Why Complex SaaS Needs a White Box Protocol for AI
Beyond UI Generation — where humans and AI communicate through meaning, not pixels
TL;DR — Give AI a White Box, Not a Black Box
Most AI agents interact with web apps through Black Box methods: consuming DOM dumps or screenshots, then guessing what to click.
But HTML was never designed for machines. From the AI's perspective, the DOM is noise where business logic is faintly buried.
This essay argues for a White Box approach:
Instead of making agents reverse-engineer the UI, expose a Semantic State Layer that reveals the application's structure, rules, state, and valid transitions directly.
This is not about replacing UI. It's about giving AI agents a proper interface — what I call an Intelligence Interface (II) — alongside the traditional User Interface.
This post introduces Manifesto, an open-source engine that implements this philosophy with a concrete protocol: @manifesto-io/*.
1. Black Box: The Current State of AI + Web Apps
Here's how most teams "add AI" to their web apps today:
- Use LangChain, AutoGPT, or browser automation
- Drive Playwright or Puppeteer
- Dump the DOM or screenshot into the model
- Hope it figures out what to click
This is the Black Box approach. The agent sees only the rendered surface and must infer everything else.
What's Wrong with DOM Dumps?
Consider a typical Material UI form field:
<div class="MuiFormControl-root css-1u3bzj6">
<label class="MuiInputLabel-root">Product Name</label>
<div class="MuiInputBase-root">
<input aria-invalid="false" type="text" class="MuiInputBase-input" value="" />
</div>
<p class="MuiFormHelperText-root">This field is required.</p>
</div>
From an agent's perspective:
| Problem | Impact |
|---|---|
| Token waste | 90% of tokens are class names and wrappers |
| Missing constraints | Is it required? What's the max length? |
| No dependencies | Does this field depend on others? |
| No causality | Submit is disabled — but why? |
The agent is forced to guess. A CSS refactor breaks everything. A layout change confuses the model. The logic was never exposed — only its visual projection.

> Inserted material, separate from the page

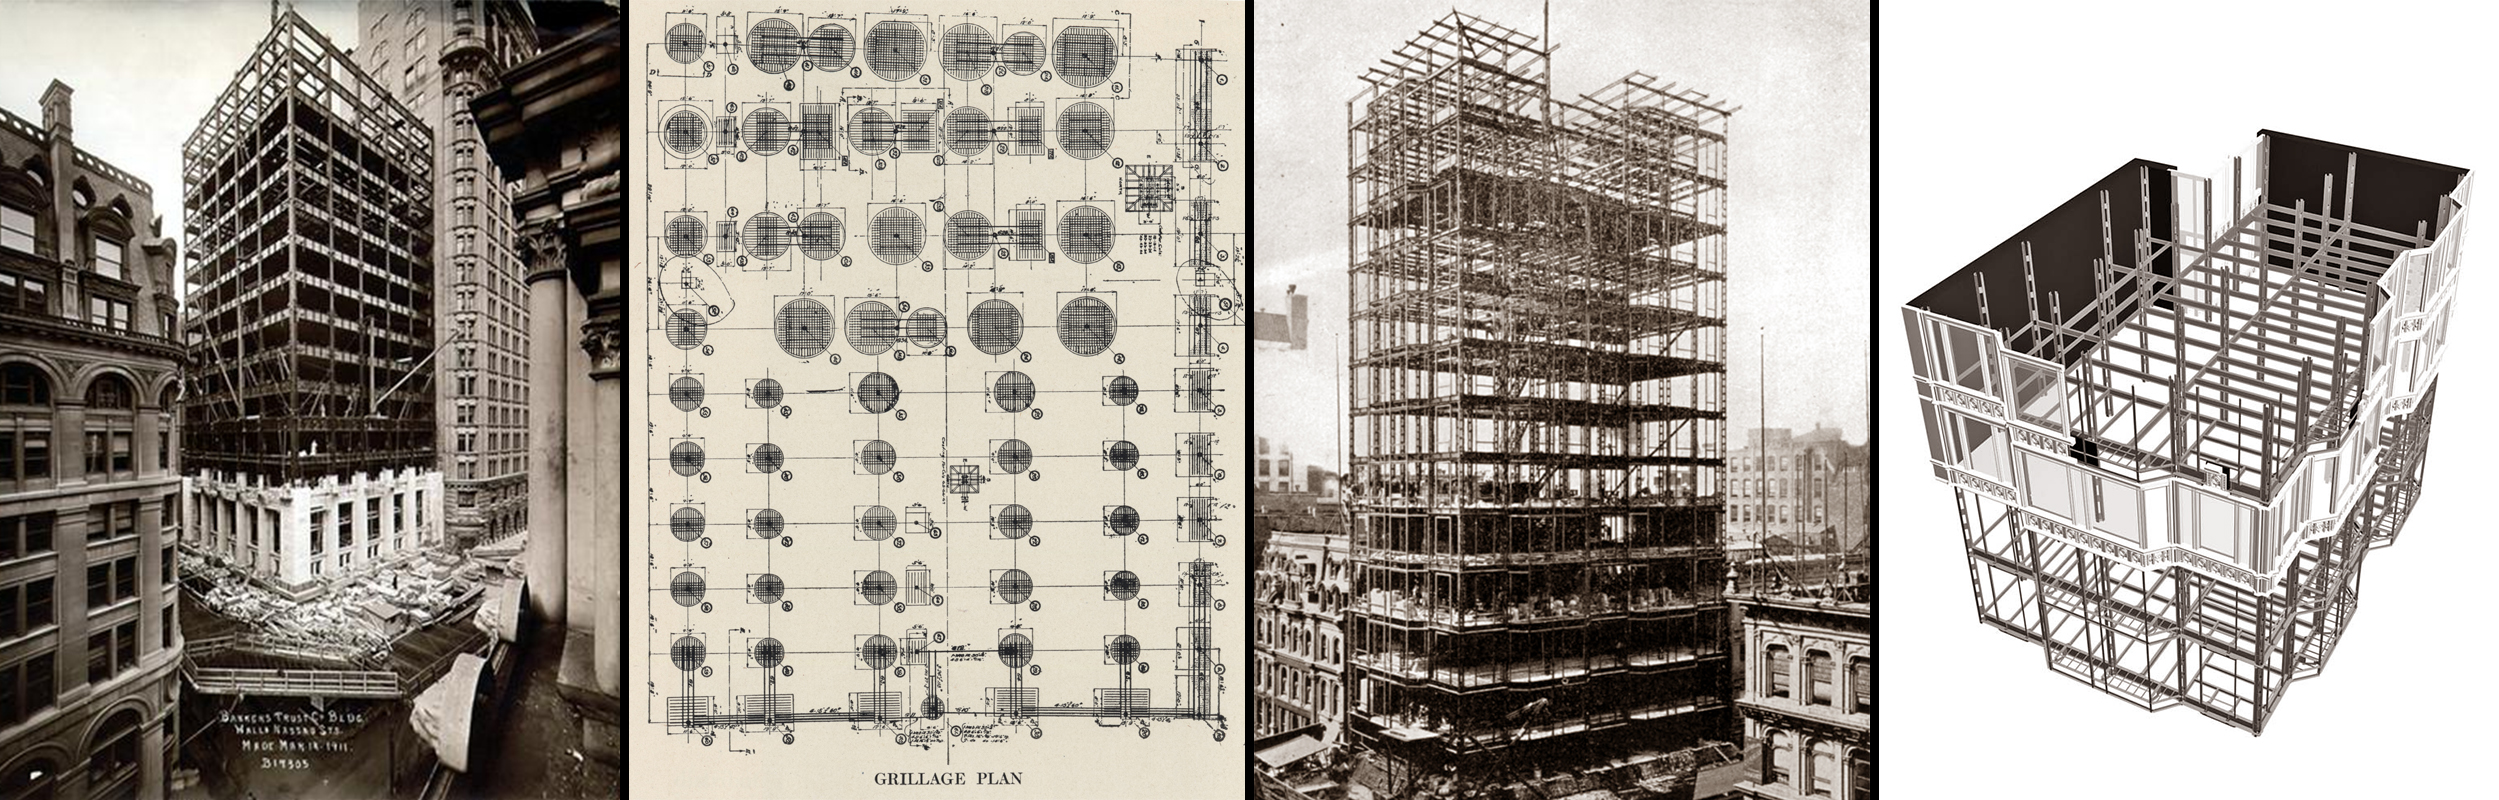 Left to right: 1) Bankers Trust Building construction, March 14, 1911. The Skyscraper Museum #B17305. 2) Plan of the Woolworth Building Foundation. Reproduced from American Architect, 103, March 26, 1913. 3) Reliance Building, State and Washington Sts., Chicago. Burnham and Root/D.H. Burnham & Co., 1891-1895. Construction view showing steel framing. 4) Reliance Building, Chicago, 1891-95. Digital reconstruction by Ryan Risse from Chicago Skyscrapers 1871-1934

Signal < 10%. Noise > 90%.
2. White Box: Exposing the Application's Brain
The alternative is a White Box protocol.
Instead of showing HTML, the engine exposes a Semantic Snapshot — a structured representation of the application's internal state that agents can read directly.
{
"topology": {
"viewId": "product-create",
"mode": "create",
"sections": [
{ "id": "basic", "title": "Basic Info", "fields": ["name", "productType"] },
{ "id": "shipping", "title": "Shipping", "fields": ["shippingWeight"] }
]
},
"state": {
"form": { "isValid": false, "isDirty": false },
"fields": {
"name": {
"value": "",
"meta": { "valid": false, "hidden": false, "disabled": false, "errors": ["Required"] }
},
"productType": {
"value": "PHYSICAL",
"meta": { "valid": true, "hidden": false, "disabled": false, "errors": [] }
},
"shippingWeight": {
"value": null,
"meta": { "valid": true, "hidden": false, "disabled": false, "errors": [] }
}
}
},
"constraints": {
"name": { "required": true, "minLength": 2, "maxLength": 100 },
"shippingWeight": { "min": 0, "max": 2000, "dependsOn": ["productType"] }
},
"interactions": [
{ "id": "updateField:name", "intent": "updateField", "target": "name", "available": true },
{ "id": "updateField:productType", "intent": "updateField", "target": "productType", "available": true },
{ "id": "submit", "intent": "submit", "available": false, "reason": "Name is required" }
]
}
Now the agent has:
- Topology: Screen structure, sections, field hierarchy
- State: Current values, validity, visibility, errors — per field
- Constraints: Required, min/max, dependencies
- Interactions: What actions are available, and why some are blocked
No guessing. No inference. The agent reads the application's brain directly.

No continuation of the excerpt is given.